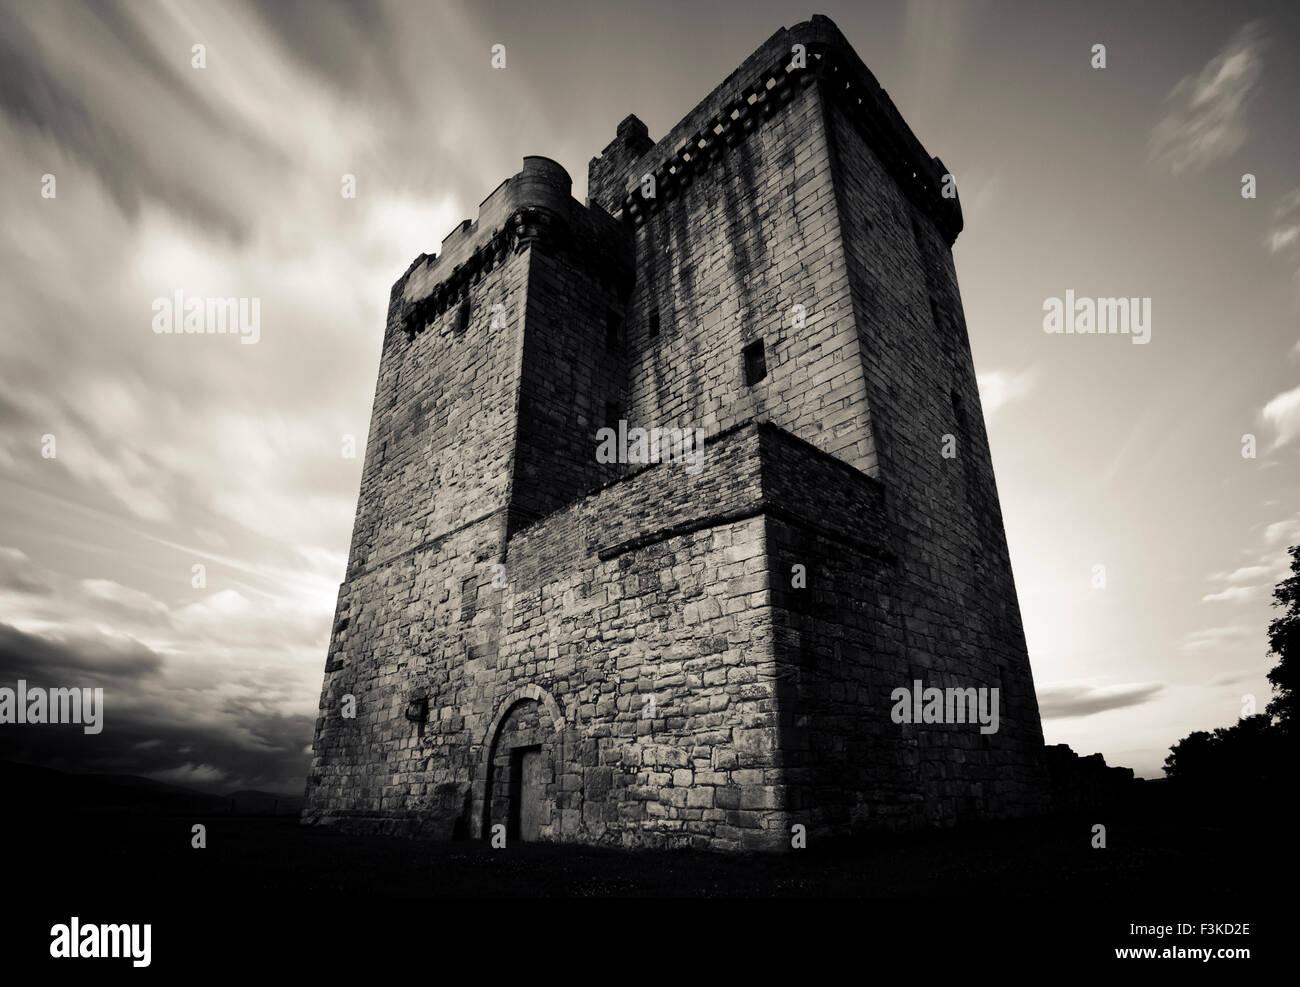 Clackmannan Tower - Stock Image
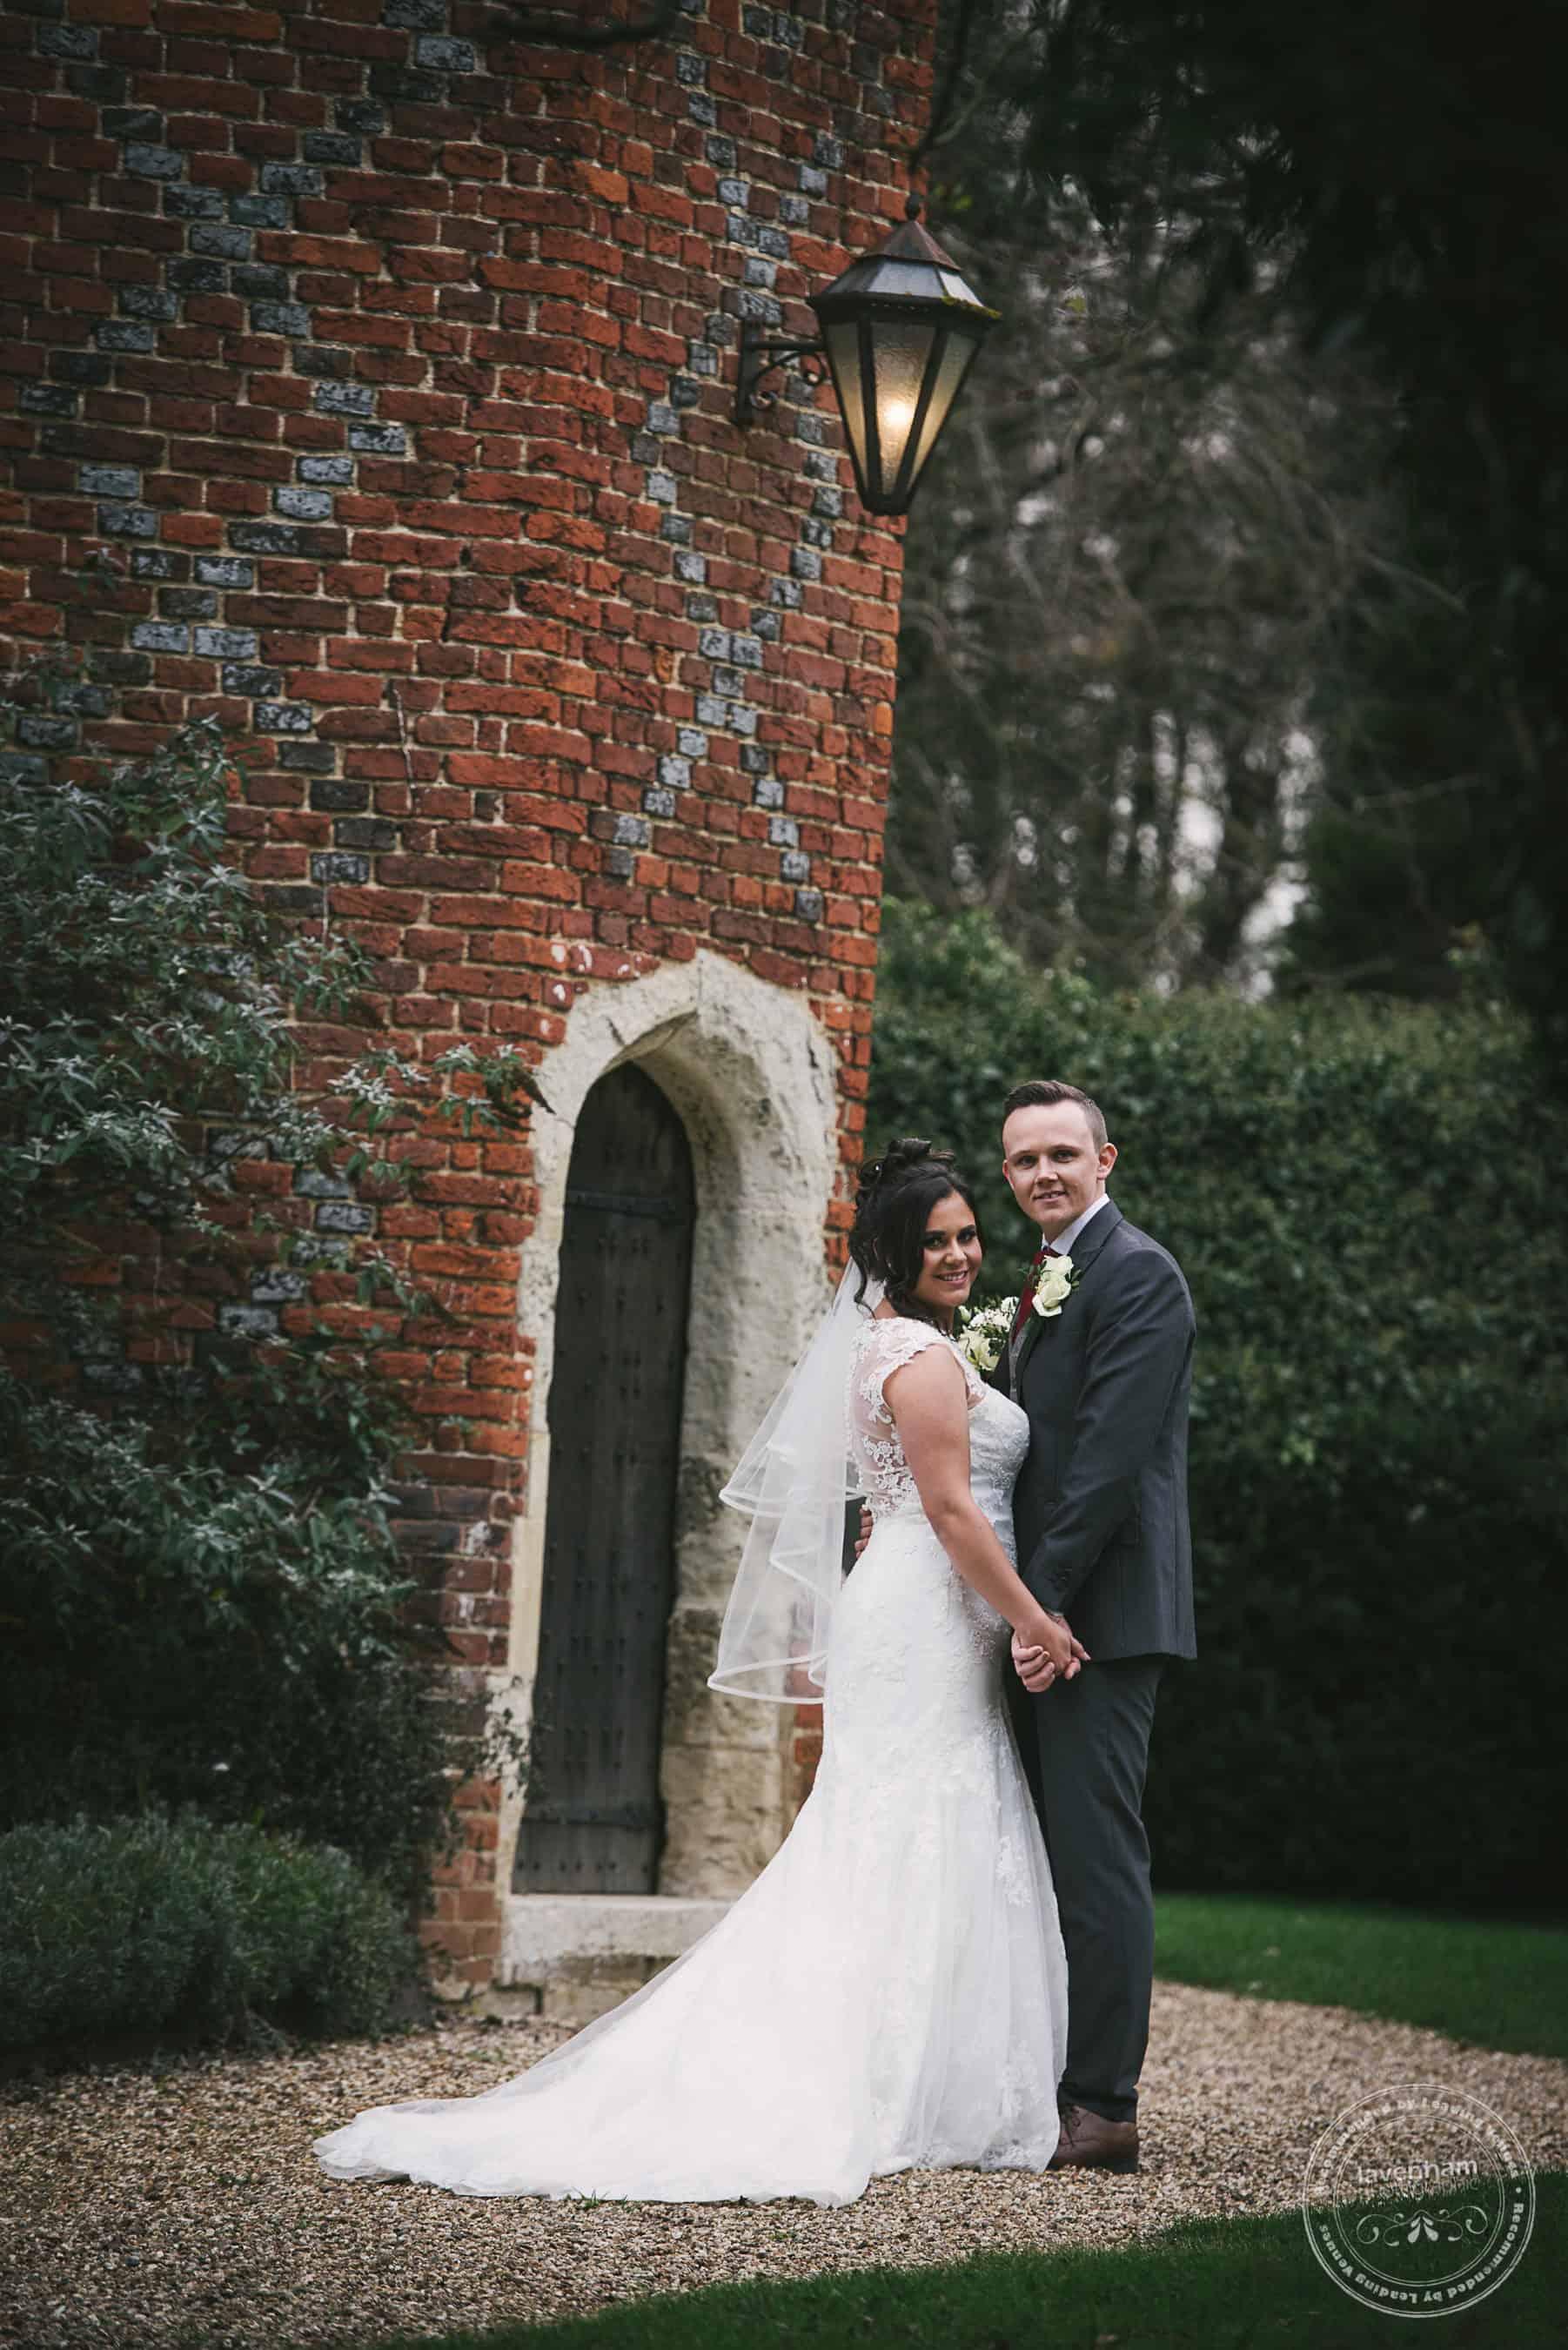 251118 Leez Priory Wedding Photography by Lavenham Photographic 081
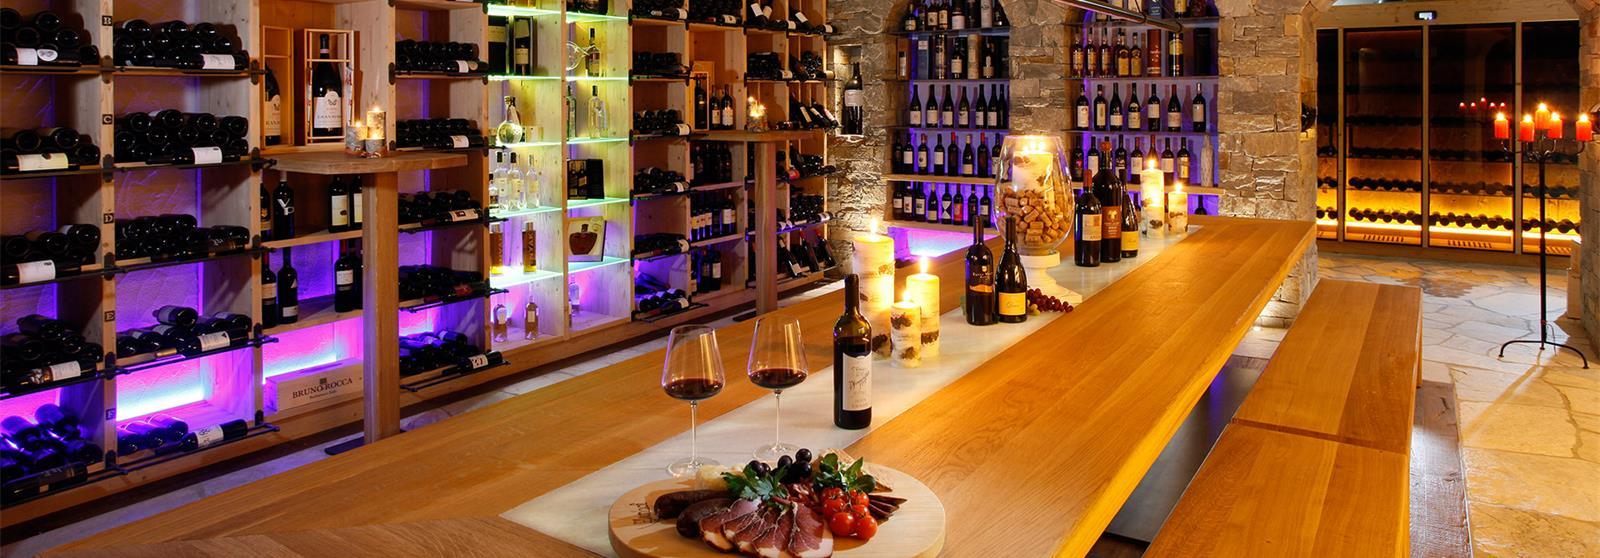 Wine Cellar Experience Plunhof Hotel

-- Exercise instructions --
Restate the data above word for word, omitting every picture.

-- Solution to this problem --
 Clackmannan Tower - Stock Image
 251118 Leez Priory Wedding Photography by Lavenham Photographic 081
 Wine Cellar Experience Plunhof Hotel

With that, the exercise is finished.